In just the last three weeks, one of Baghdad's three deputy mayors was killed; the police chief of the southern city of Amara was cut down by an assassin's bullets; a pioneering Iraqi journalist in the northern city of Mosul was shot in the back and killed; at least two Sunni clerics were assassinated; there was an attempt on the life of a moderate Shiite cleric; and at least six former high-ranking officials of the Mukhabarat, Hussein's intelligence agency, were gunned down.

A close look suggests that no one group is responsible for the killings of recent weeks. The lack of any single culprit indicates that assassination may have become a terrorizing tool used by all sides.

For instance, remnants of Hussein's regime appear to be carrying out selected hits -- whether on police chiefs or members of the new U.S.-backed government -- as a way to discourage Iraqis from helping to form a new order here.

And opponents of the old regime who lost family members to its brutality fear that many of those responsible will never be brought to justice, so they are taking revenge into their own hands.

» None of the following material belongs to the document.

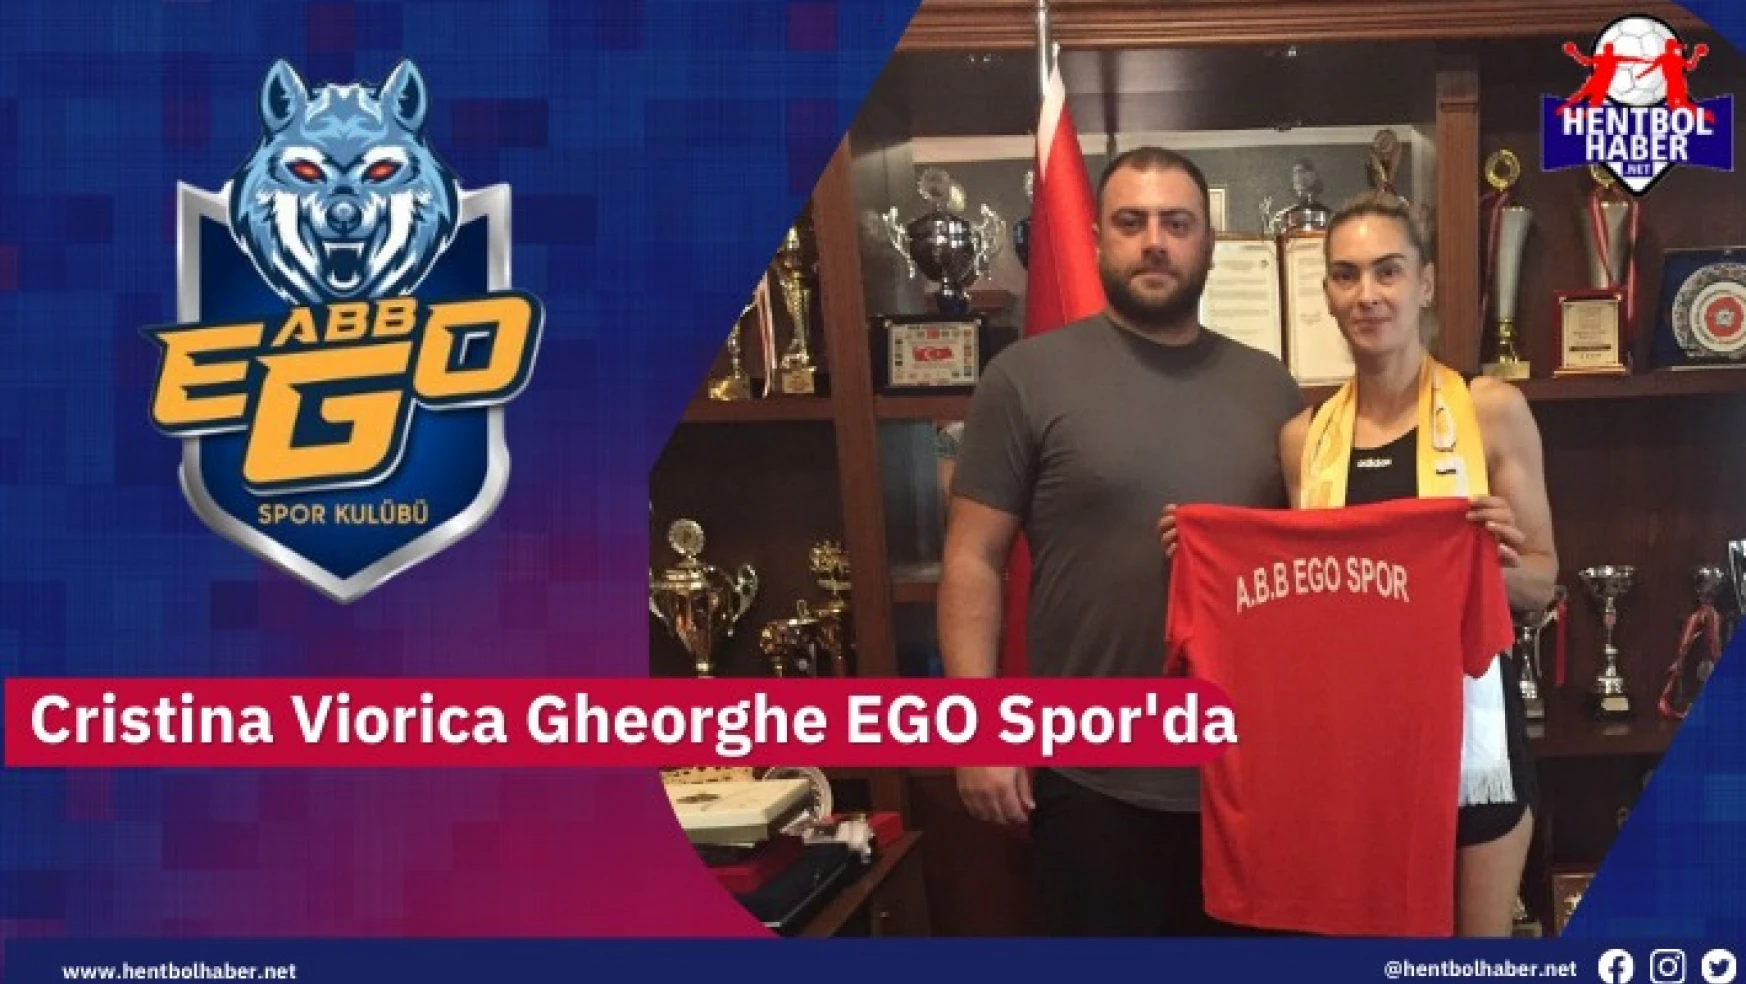 Cristina Viorica Gheorghe’ya EGO Spor’da
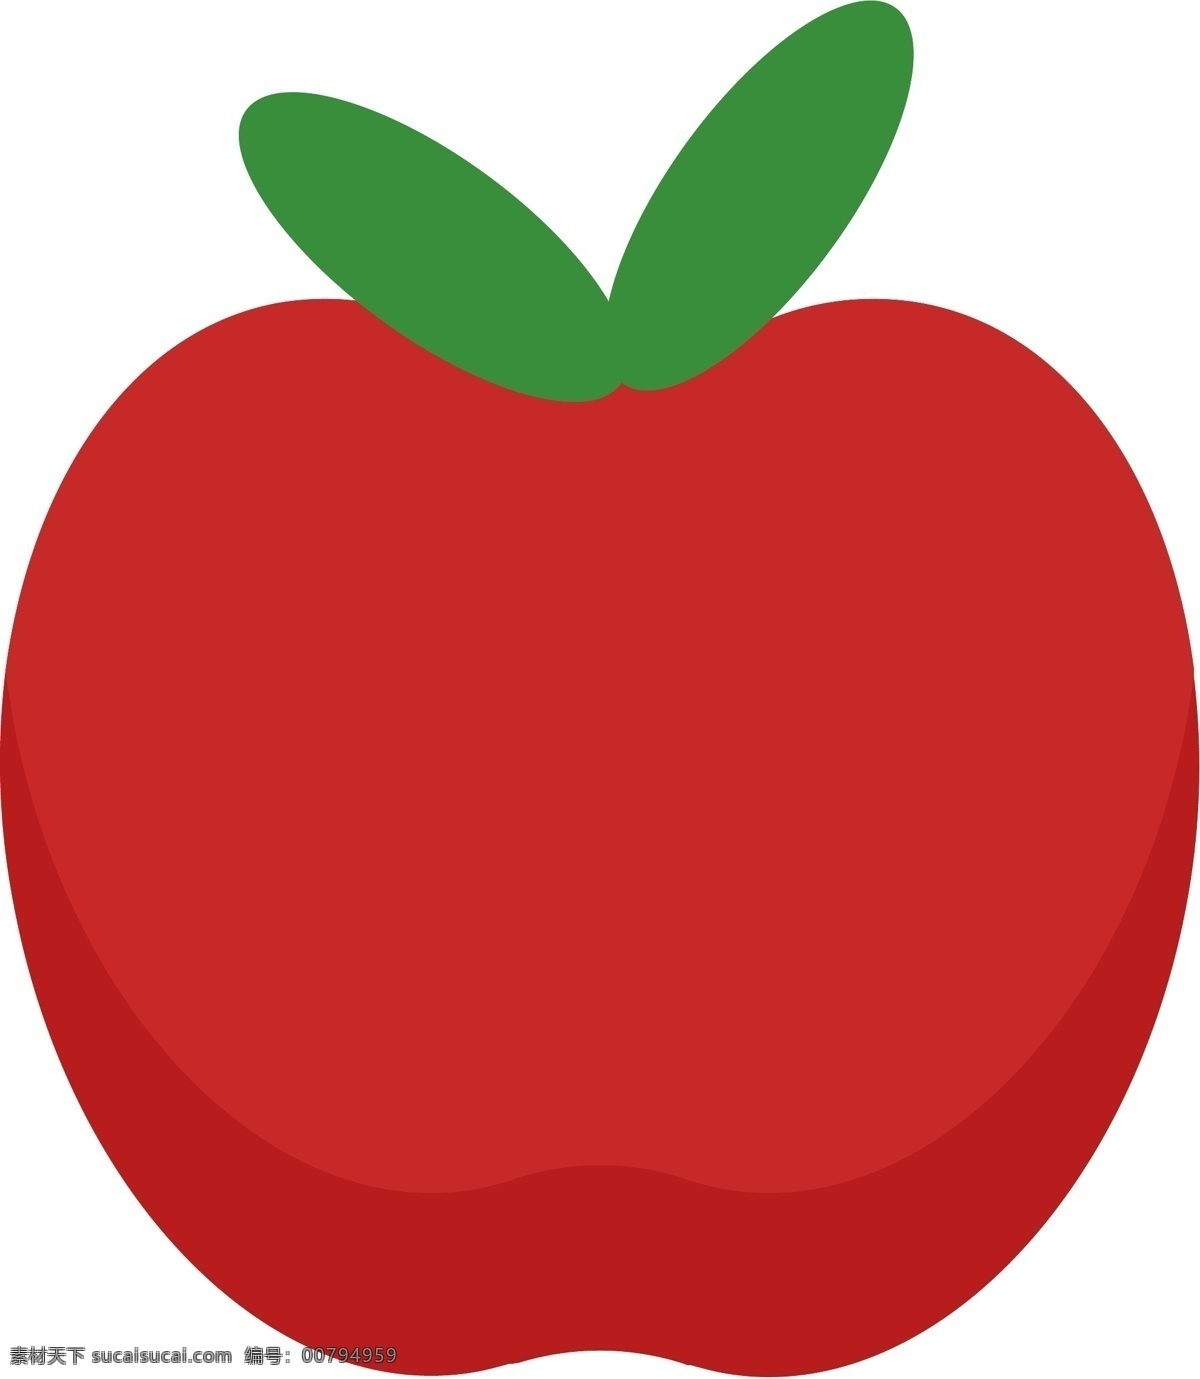 苹果卡通 苹果 卡通苹果 矢量苹果 苹果简笔画 水果 卡通水果 矢量水果 卡通图案 红苹果

The attacks on Sunni religious leaders appear to be sectarian, instigated by the majority Shiites. At the grass-roots level, the two Muslim branches have gotten along, so some Iraqis conjecture that outside groups seeking to sow suspicion and unrest are behind the killings. As for the attacks on Shiite clerics, local police believe they are the result of rivalries among moderate and more radical Shiite factions.

Assassinations are difficult to preempt, especially when used as a tactic by many groups at once, said Bernard Kerik, the former New York police commissioner who recently spent several months in Baghdad advising the Interior Ministry. The key is intelligence, he said. But overall, he said, the phenomenon is hardly surprising in a postwar environment.

"For the most part, this is no different from the postwar situation we saw in Bosnia and Kosovo," Kerik said, noting that retribution killings were a factor in both places in the Balkans. He said some police were being executed because, unbeknownst to the Americans, they were members of the former regime who had "wormed their way back into positions of power" and their communities angrily dealt with them.

However, Kerik said he was hard put to account for the killing of clerics. The solution is more Iraqi police, more Iraqi military, more Iraqi forces, he said.

On Saturday, the chief administrator in Iraq, L. Paul Bremer III, vowed to speed up the training of Iraqi forces in a bid to combat the attacks on civilians. By next September, he said, more than 200,000 Iraqis will be serving as police officers, soldiers and border guards, if Congress completes the appropriation of $20 billion in additional funds.

For the victims of these killings and their families, it is already too late.

In at least three cases, the victims knew before they died that their days were numbered. With the exception of the Mukhabarat members, many of whom suspect that they are targets but receive no formal warnings, the victims knew they were at risk and decided to continue the work they believed in.

On Tuesday, journalist Ahmed Shawkat, an Iraqi Kurd, went to the roof at his newspaper offices in Mosul to use his satellite telephone. A few minutes later, his son Sindbad and his daughter Roaa, both of whom worked with him at the paper, heard two shots.